Most important event of the millennium so far

Astronomers have apparently discovered — for the first time — a planet which is both the correct size and the correct distance from its star to support life. And it’s only (all intended irony) 20 light years away!

Gliese 581g is the first world discovered beyond Earth that’s the right size and location for life.
“Personally, given the ubiquity and propensity of life to flourish wherever it can, I would say that the chances for life on this planet are 100 percent. I have almost no doubt about it,” Steven Vogt, professor of astronomy and astrophysics at University of California Santa Cruz, told Discovery News.

Ever-pessimistic, I await the inevitable debunking of this epochal development. But I’m not as bad as some people on twitter, who believe that we’ll just give up on the planet we currently have as we redouble efforts to reach the new one. Sheesh.

Update 20101014: Another group of astronomers, searching for the same planet, have been unable to find any evidence that the planet even exists. Oh well.

L

8 thoughts on “Most important event of the millennium so far

  1. I would say that the chances for life on this planet are 100 percent

    A staggering statement. I suppose with several at least semi-plausible theories about where life on earth came from, there are then several ways that life could have ‘definitely’ come to this planet.

    But I’m not as bad as some people on twitter, who believe that we’ll just give up on the planet we currently have as we redouble efforts to reach the new one.

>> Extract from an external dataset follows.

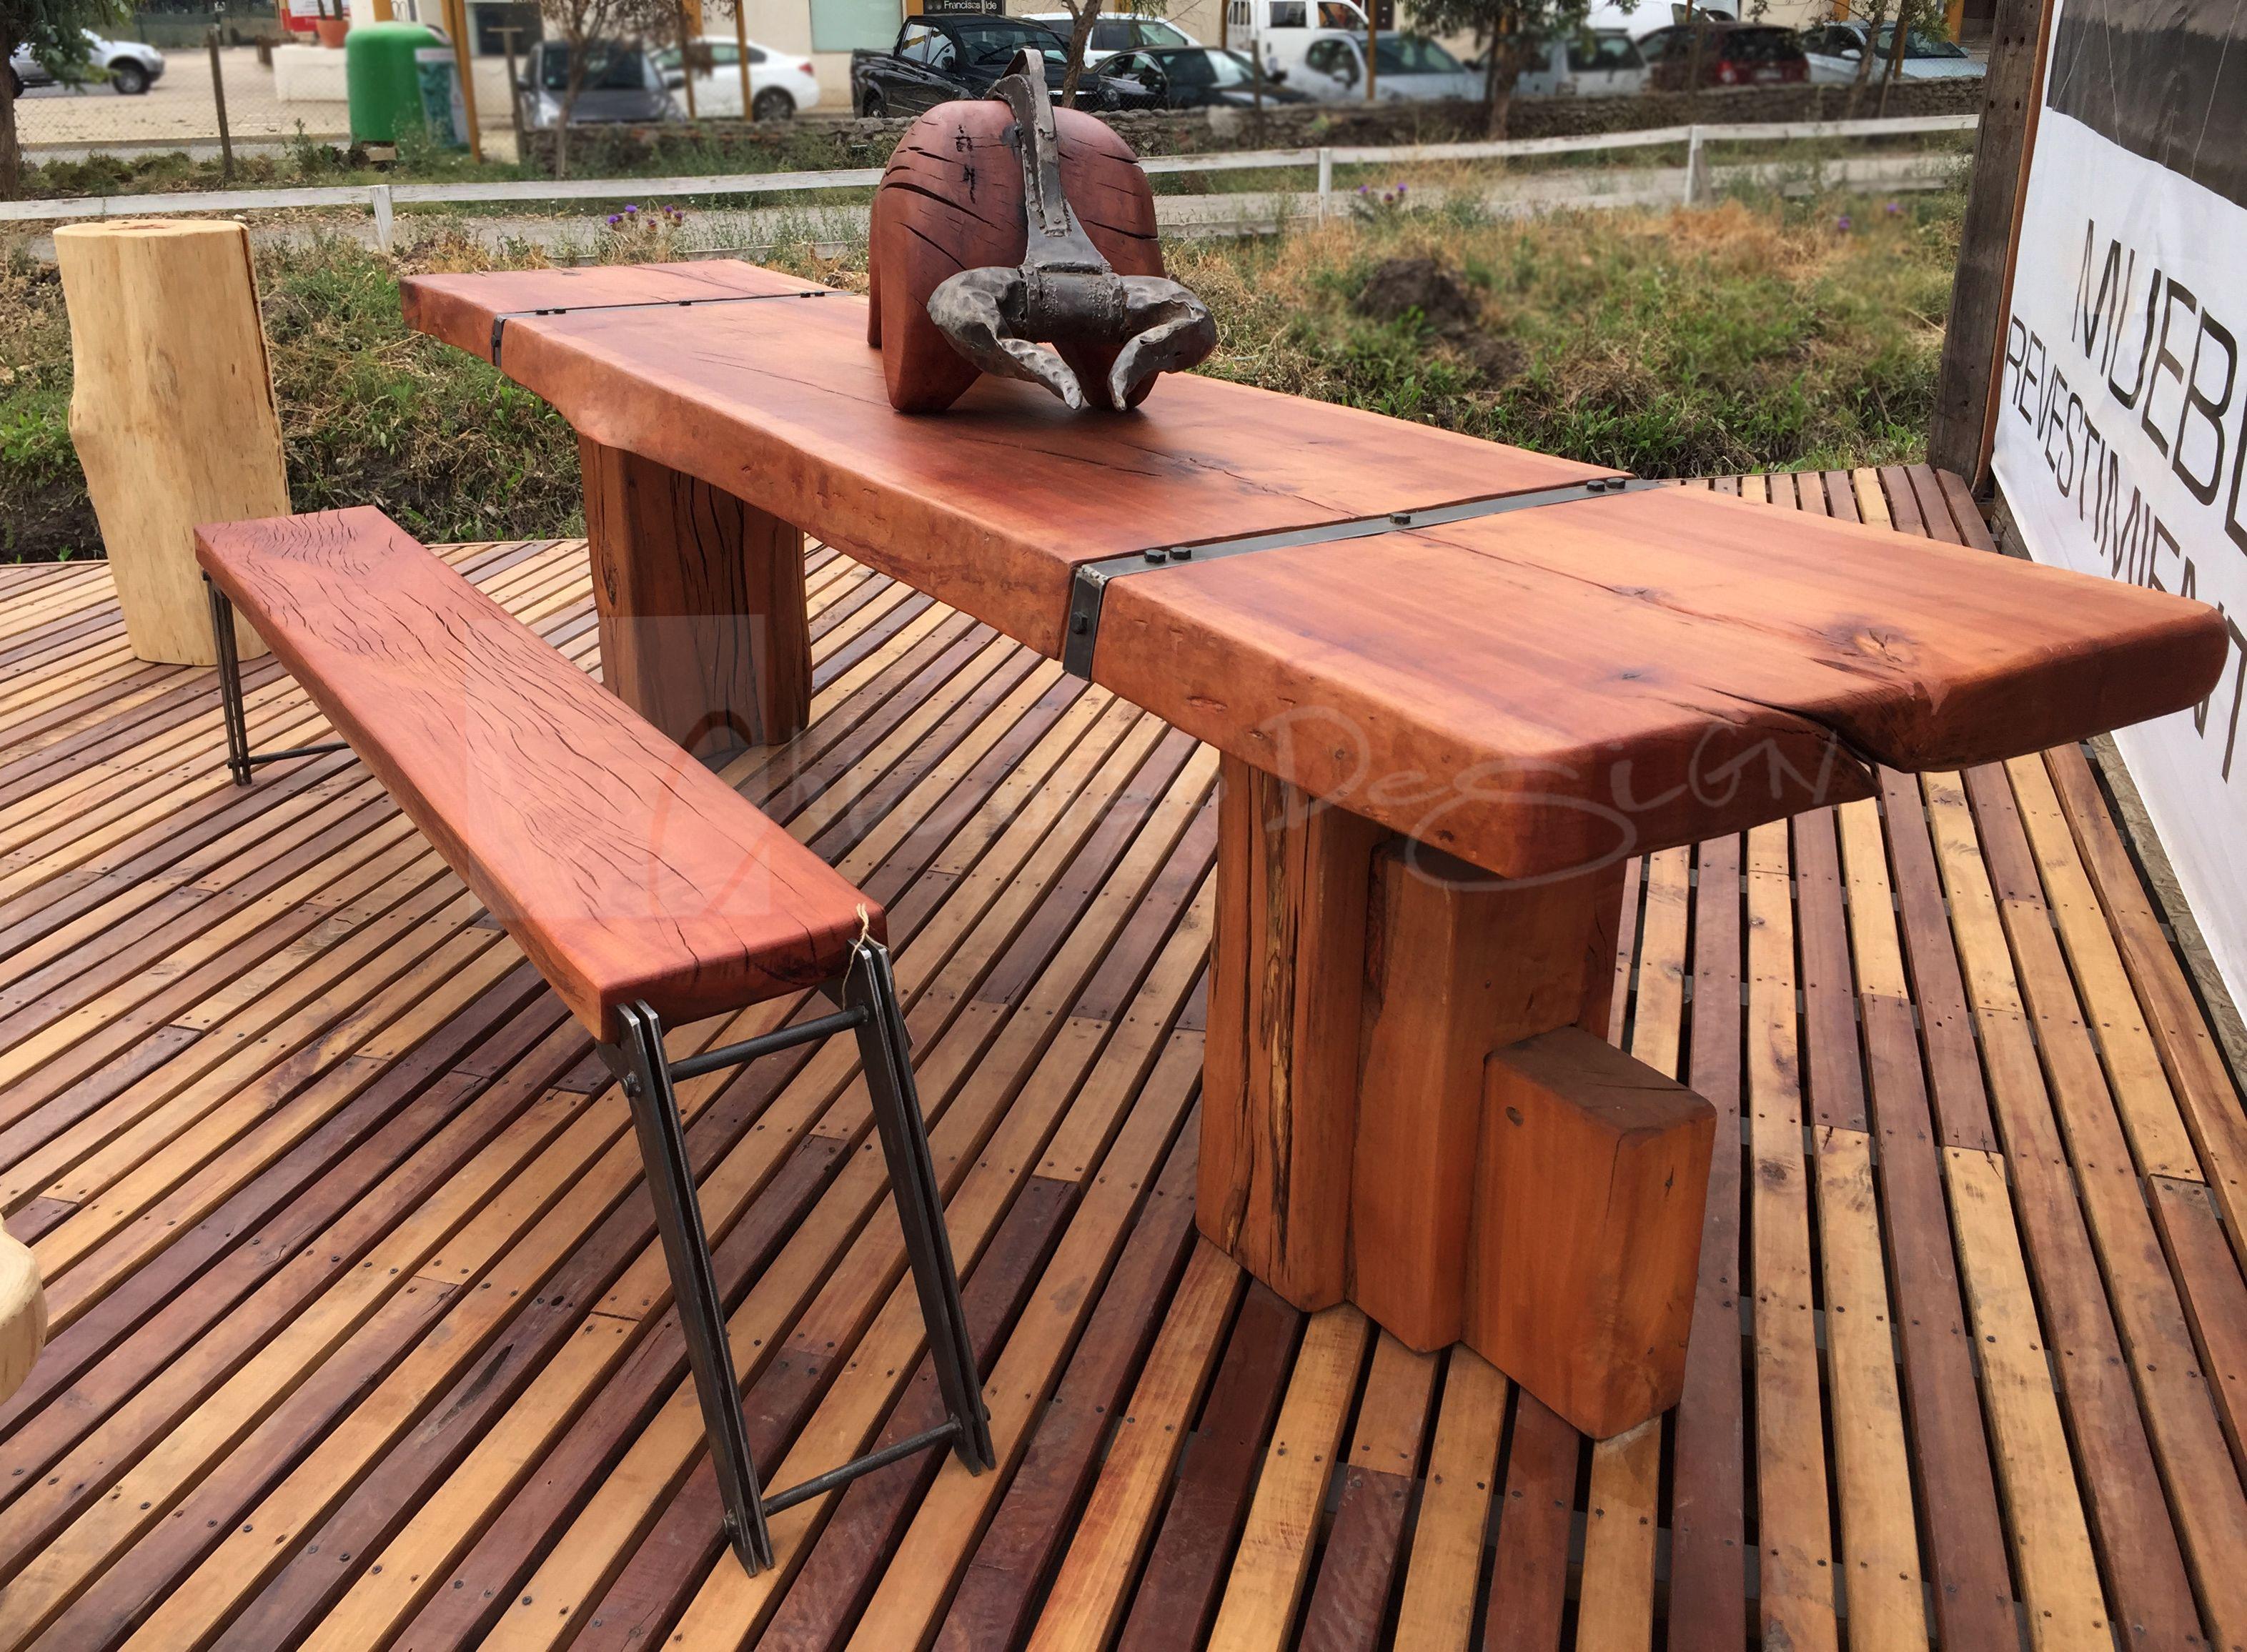 Chicureo design mes n quincho blockwood roble mes n de for Mesones de madera

    That attitude arising was a fear of some when Stephen Hawking said we should flee earth a few months back.

  2. This link http://bit.ly/9aapV3 takes you to Phil Plait’s Bad Astronomy Blog (which is actually an excellent commentary on astronomy). Phil looks objectively at this and points out that it can not be claimed that life exists or even that conditions are favourable for life on the basis of the knowledge we have now. However he doesn’t rule it out either. Of more significance is the discovery of a planet in the so-called “Goldilocks” zone. Now that one has been found, the door is open for the discovery of many, many more, thus increasing the probability of life elsewhere.

  3. Come on, now. I’ve read plenty of science fiction books – all we need is that lucky break, the discovery that allows us to easily build faster-than-light spacehships. Once that formality’s out of the way we’ll be out there colonising these inevitably-lively planets and building a powerful starfleet with cool uniforms and stuff before you know it.

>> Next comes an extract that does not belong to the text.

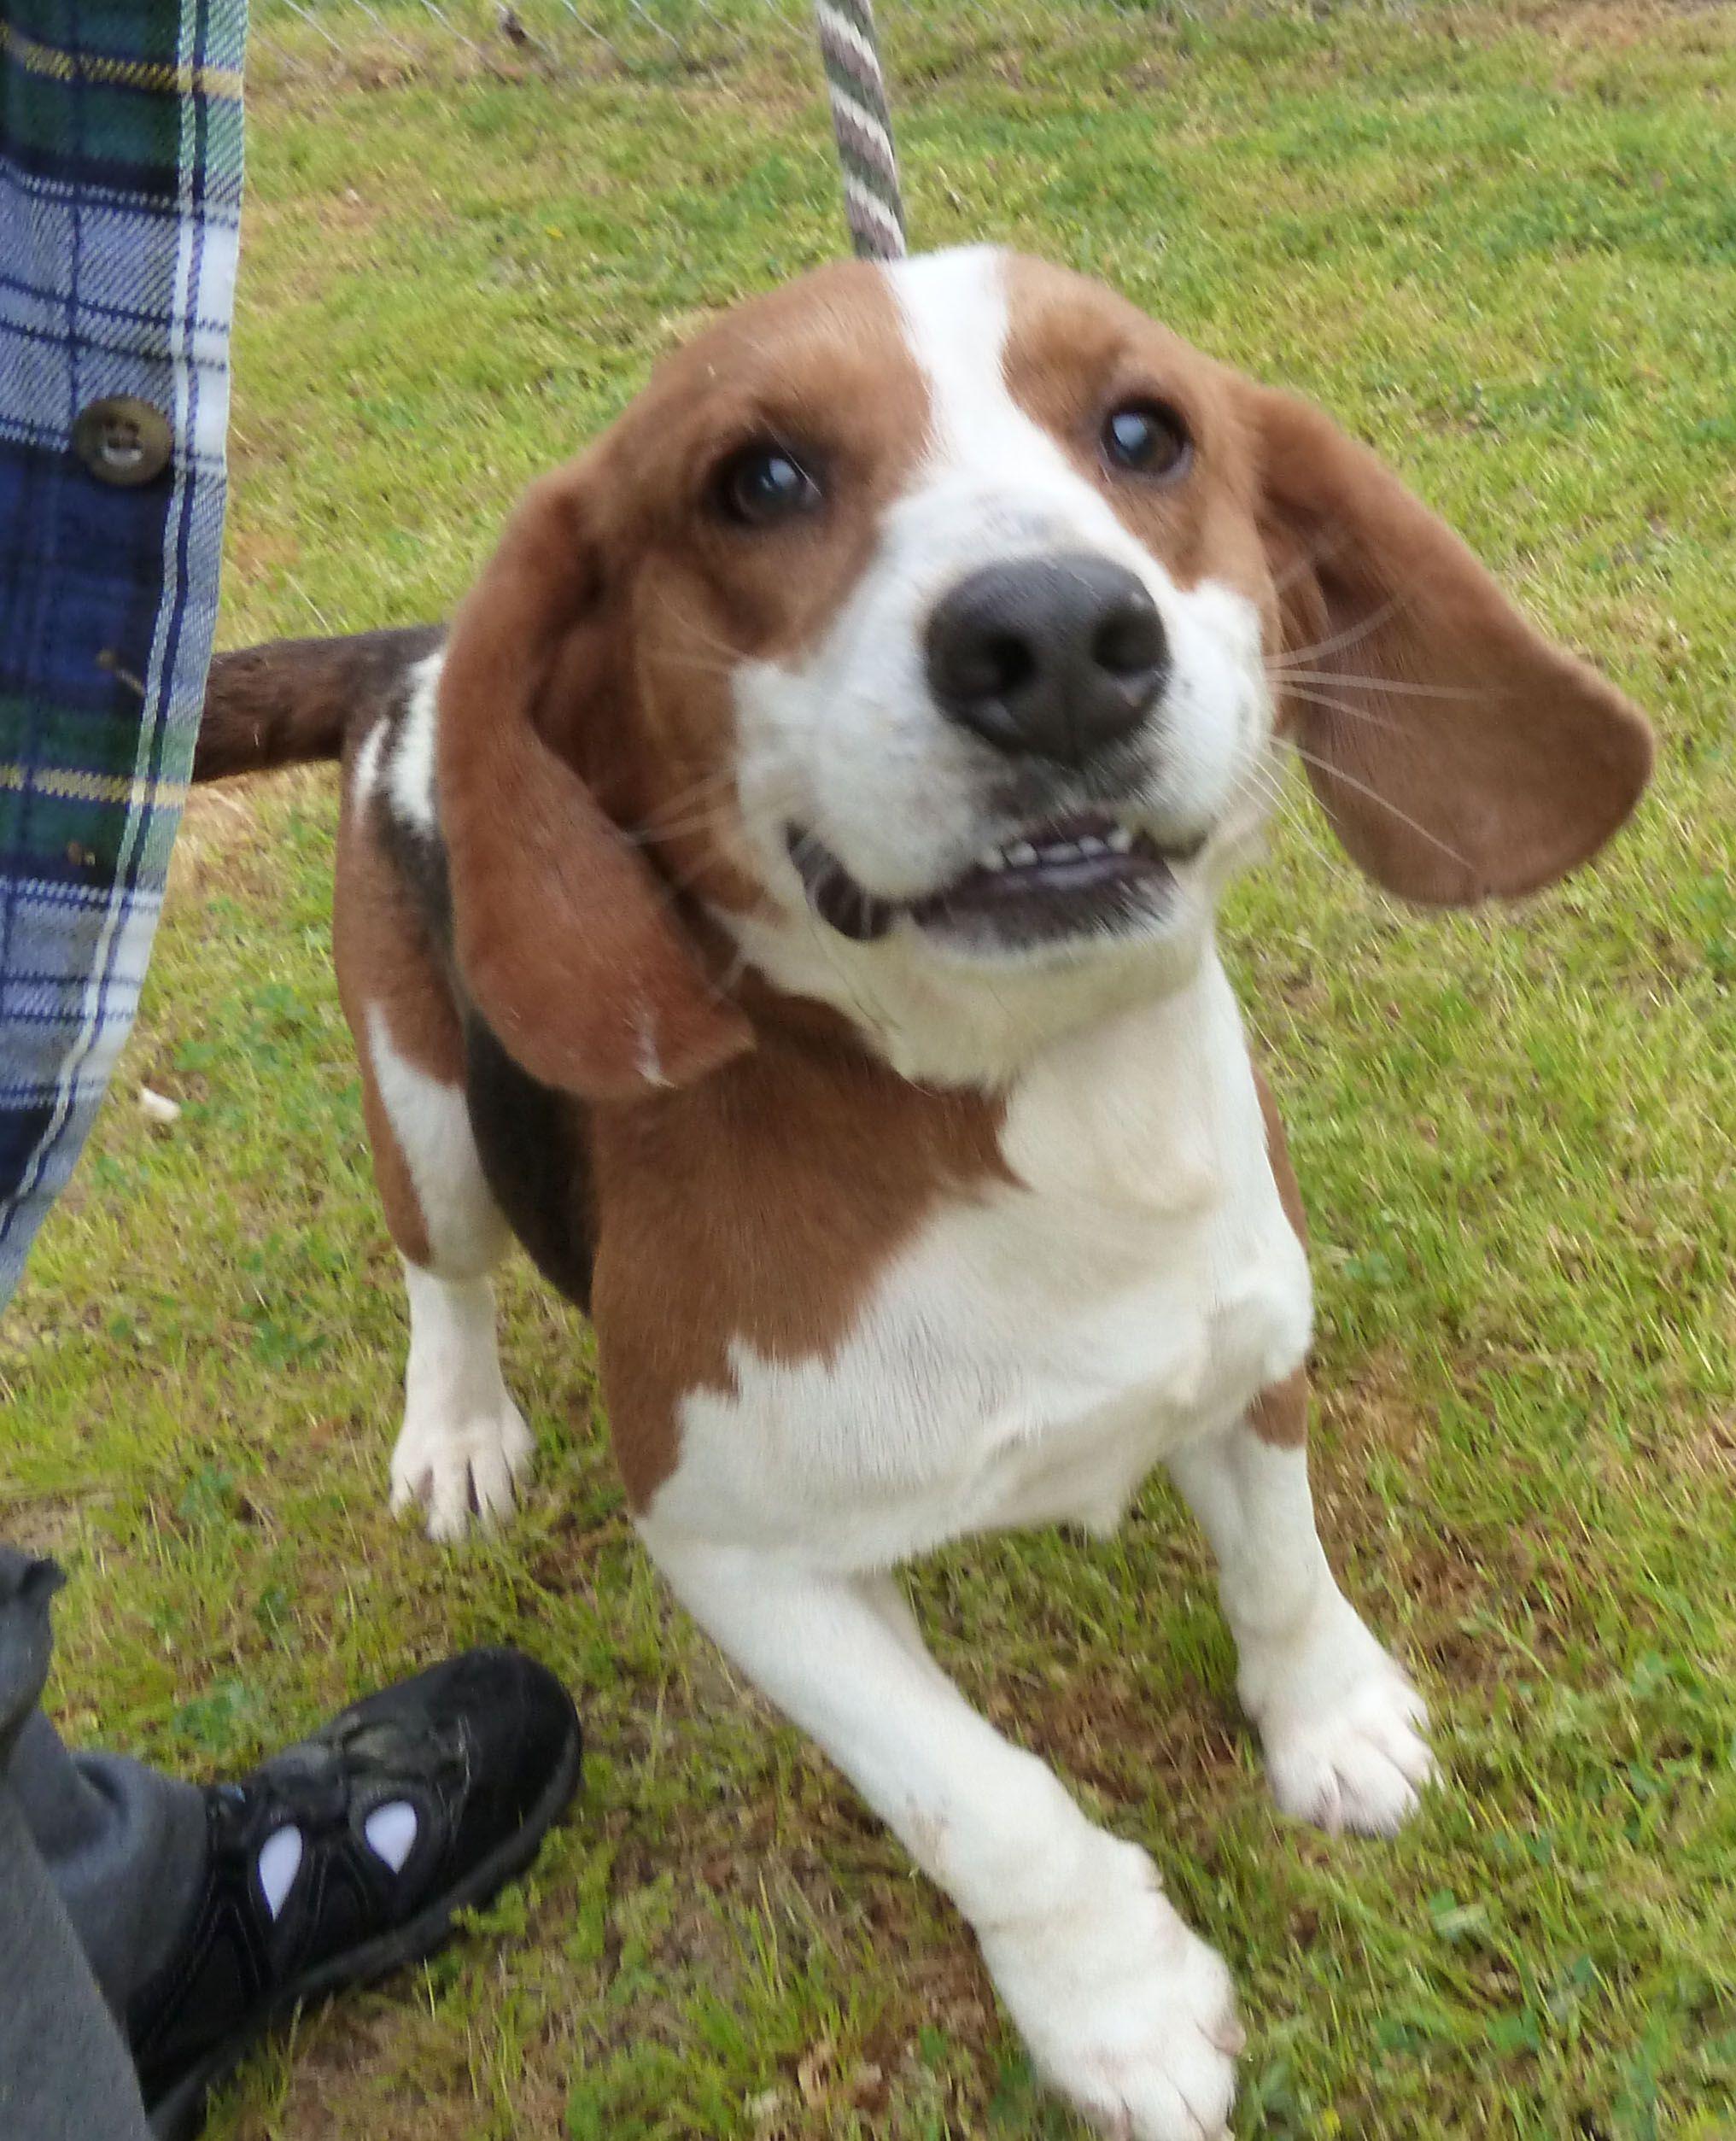 Bagle Hound dog for Adoption in Ashland, VA. ADN528742 on

  4. I propose that the First faster than light spaceship have the registry number NCC1701F, that it boldly go…..etc etc. It goes without saying that only such a ship can save us if the inhabitants are not so nice after all.

  5. “so that half the world is in perpetual light and the other half in permanent darkness. As a result, temperatures are extremely stable and diverse.”

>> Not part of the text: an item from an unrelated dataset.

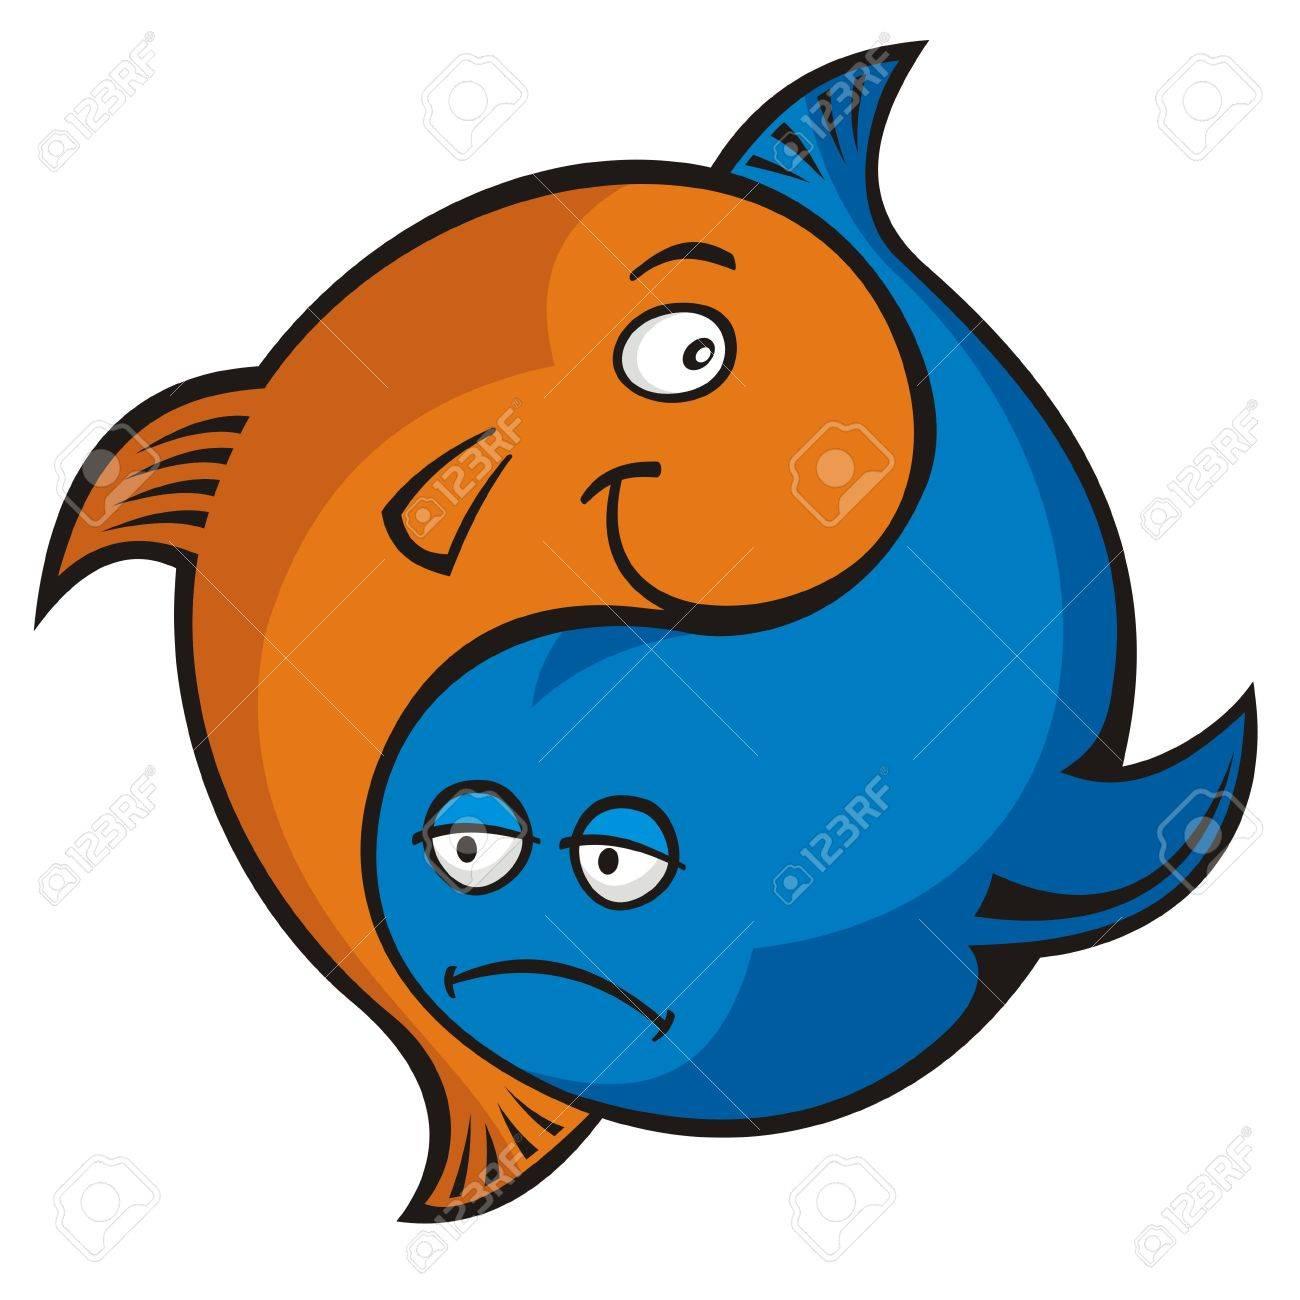 Blue and orange cartoon fish yin yang or pisces symbol - 5871212

    Being tidally locked means that the atmosphere has probably frozen out on the dark side which would look like Pluto, the sun facing side would be a scorching vacuum and look like Mercury.

  6. Being tidally locked means that the atmosphere has probably frozen out on the dark side which would look like Pluto, the sun facing side would be a scorching vacuum and look like Mercury.

    Depends upon atmospheric convection – which may allow a viable atmosphere – but liquid water may only exist in the twilight zones.
    Life was we know it, Jim – I would give at less than100%

  7. A dense atmosphere is able to transfer enough heat to the night side to keep the surface of a whole planet with a very long solar day at a fairly constant temperature, Venus is an example. But Venus is a dry world, if we’re talking about a planet with a dense atmosphere and liquid water on the surface, it’s hard to see how an atmosphere laden with water vapour (a powerful GH gas) wouldn’t have a runaway GH effect.
    If you move the planet further from the star to aviod this, how can there not be an icecap at the centre of the night side? on such a planet the formation of an icecap would be a positive feed back, as it grew in mass its height would grow, with increasing altitude the surface of the icecap would become colder, eventually any water vapour in the atmosphere would end up stuck to the ice, weakening the planets GH effect, cooling the planet more, then you would see other volatiles freezing out on the icecap, CO2 (more cooling) then Nitrogen.
    Eventually the only volatiles available to form an atmosphere would be those being pushed into the sun through glacial flow, but that would only be the lighter volatiles, H20 would be buried under the rest.
    This is an old star, so there would be little geothermal activity to heat the ice from below.